Crystal structure and defect reactions in the kesterite solar cell absorber $Cu2ZnSnS4$ (CZTS): Theoretical insights

$Cu2ZnSnS4$ (CZTS) is one of the most promising quaternary absorber materials for thin‐film solar cells. Light to electricity conversion efficiencies in CZTS devices have recently reached 9.6%, making it a competitive and more sustainable replacement for existing CdTe and $Cu(In,Ga)Se2$ (CIGS) thin‐film technologies. We review our recent insights into the structural, electronic and defect properties of this topical material. We have found that the stable crystal structure of CZTS is kesterite, which is derived from the ternary chalcopyrite structure.
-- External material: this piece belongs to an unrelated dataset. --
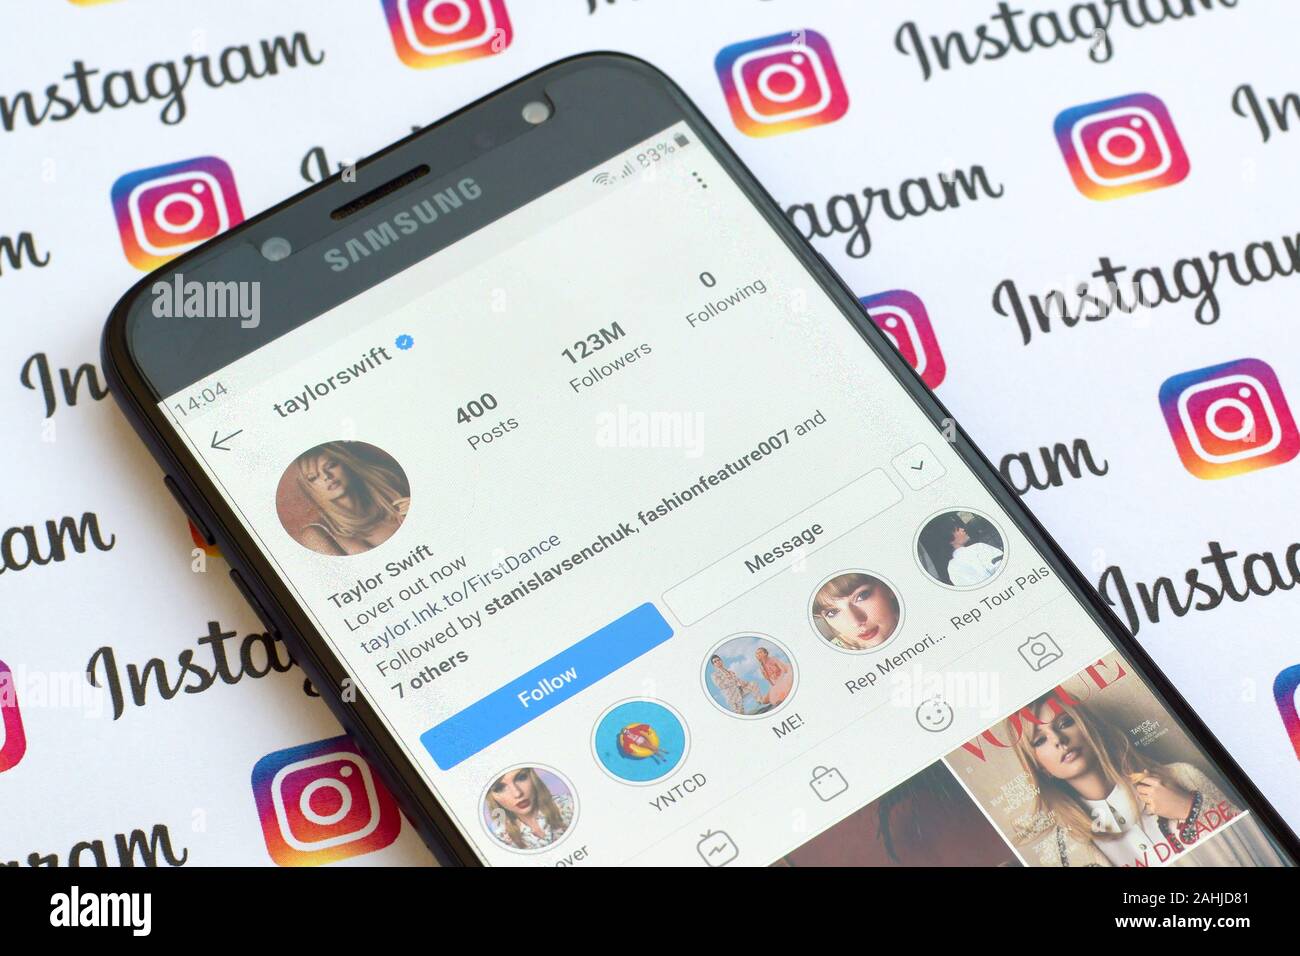 NY, USA - Dezember 4, 2019: Taylor Swift offizielle instagram Konto der Bildschirm des Smartphones auf dem Papier instagram Banner. Stockfoto

Examination of the thermodynamic stability of CZTS reveals that the stable chemical potential region for the formation of the stoichiometric compound is small. Under these conditions, the dominant defect will be p‐type $CuZn$ antisite, which has an acceptor level deeper than the isolated Cu vacancy. The dominant self‐compensated defect pair is $[CuZn+ZnCu],$ which leads to the formation of various polytype structures. We propose that to maximize the solar cell performance, growth of CZTS under Cu‐poor/Zn‐rich conditions will be optimal, if the precipitation of ZnS can be avoided. This theoretical guidance can provide new directions for improving the conversion efficiencies of kesterite based solar cells.